# 3.5 – Regularization

You haven’t truly mastered an algorithm until you’ve implemented it yourself–that’s one of my beliefs, anyway. Which is why, so far, I’ve shown the implementations of the crux of the algorithms discussed. However, I haven’t done that for softmax yet. Although the previous post covers everything we require to fully implement softmax regression, it works significantly better when we also add in a concept called regularization. Let’s discuss that here.

So far, the focus has been on fitting the model well given our training set. And the math we developed to do this works well. In fact, sometimes, it works too well. Note that for a lot of problems, we’re using a method like gradient descent, constantly tuning the parameters of the model. What happens as a result of this is that the model will sometimes overfit by trying to fit through points that it doesn’t really need to. More precisely, if there’s some noise in the dataset, as there almost always is, the model will try its best to make sure that it can include those points as well.

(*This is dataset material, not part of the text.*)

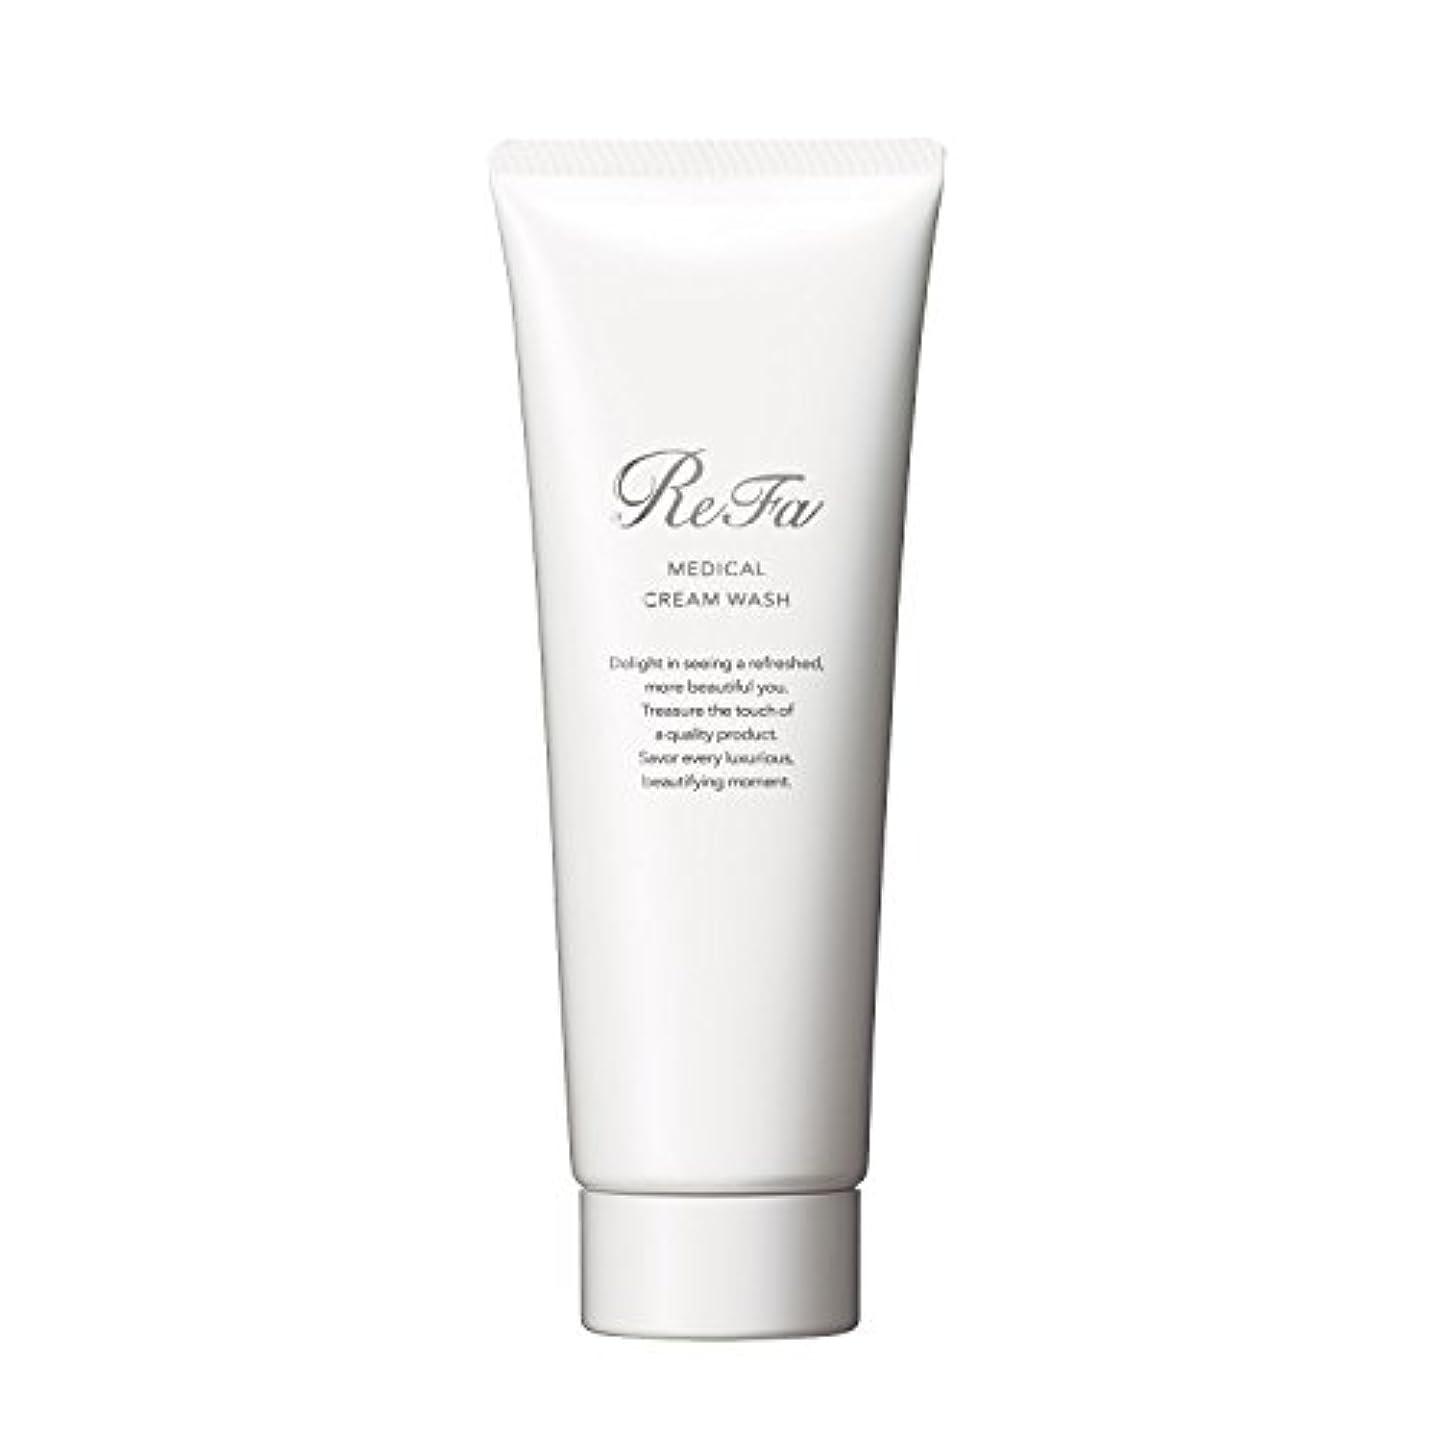 リファメディカルクリームウォッシュ (ReFa MEDICAL CREAM WASH) MTG 【メーカー純正品】 洗顔用

So why is this a problem? Here’s an example taken from Wikipedia:

The red dots are the data points. The green curve is what we might expect the model to learn (this is a regression model). The blue curve is what it might end up learning. How did it end up learning that, you ask? Well, both the green and the blue curves have a least-squares error of 0, so according to the model, both are perfectly right. Overfitting can be a result of multiple reasons including trying to fit to a model that’s too complex (say, trying to fit to a quadratic curve when a linear one would suffice), choosing initial parameter values wrong, etc. Still, even with everything done right, we don’t want to take the risk of our algorithm predicting the blue line.

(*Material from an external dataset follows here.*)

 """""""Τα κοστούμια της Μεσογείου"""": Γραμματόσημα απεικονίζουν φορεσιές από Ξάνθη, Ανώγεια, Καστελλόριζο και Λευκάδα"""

What’s common when models overfit, though, is that the coefficients (the parameters) tend to become very large (either positive or negative, we’re talking only about the magnitude). So this is something to go by. Note that our model is trying to minimize the cost function. Therefore, an obvious way to minimize this overfitting problem is to include the coefficients (parameters) themselves in the cost function. When we do this, we’re using regularization.

There are several ways of adding the coefficients, with no real right or wrong way (okay, so there are some wrong ways, but we’ll not go there). Before we look at how we do this, a word of caution. Remember how in the least-squares cost function, we simply threw in a $\frac{1}{m}$ factor, and said it wouldn’t affect the values of the coefficients that we’d obtain? That held true there because when we set the derivative of the cost function to 0, multiplying this by a constant makes no difference to the values you obtain (this is a calculus concept, so if it went over your head, try understanding the gist of it). However, when we add regularization terms, this doesn’t hold true anymore. We also can’t simply throw a $\frac{1}{m}$ on the regularization term, either (we’ll see why shortly). The fix for this is simple, but important: perform feature scaling of some sort. We discussed this right after regression, and I showed examples in Python. Now that we’ve covered that, we can proceed.

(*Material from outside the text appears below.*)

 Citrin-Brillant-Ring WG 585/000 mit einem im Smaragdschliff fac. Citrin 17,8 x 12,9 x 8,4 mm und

Let’s start with the basics. Let’s take our linear regression model, and to the cost function, we’ll add the term $\lambda \sum_{i=0}^n |\Theta_i|$. Thus, we have $J(\Theta) = \frac{1}{2m}\sum_{i=1}^m \left( h(x^{(i)}) - y^{(i)} \right)^2 + \lambda \sum_{i=0}^n |\Theta_i|$

The $\lambda$ term controls how much we want to regularize the parameters. You can experiment with different values to find what works best. The above is called lasso regression (for those of you who are curious, lasso stands for “least absolute shrinkage and selection operator”). The regularization term we added, that is, the sum of the absolute values (ignoring the $\lambda$ term) is called the L1 norm. Although lasso regression was meant to be used with linear regression, you can also use it with generalized linear models.

We could also take the square of each $\Theta_i$ instead of the absolute value. When we do that, the resulting model is called ridge regression. In machine learning, the term weight decay has caught on better, because these regularization methods effectively cause the parameter values (or “weights”) to go down (or “decay”), resulting in a model that does not overfit. Concretely, the cost function is $J(\Theta) = \frac{1}{2m}\sum_{i=1}^m \left( h(x^{(i)}) - y^{(i)} \right)^2 + \frac{\lambda}{2} \sum_{i=0}^n \Theta_i^2$

We added the 2 in the denominator for the same mathematical convenience as for the ordinary least-squares cost function. This regularization term (again, without the $\lambda$ term is called the L2 norm. Instead of the summation term, you may instead see $\left \| \Theta \right \|$, which is the mathematical way of representing the L2 norm.

Implementing these is easy, because the terms are simple. Taking the derivatives of these is also easy, so I won’t give them a separate post. Instead, I’ll next discuss how to implement softmax regression with regularization.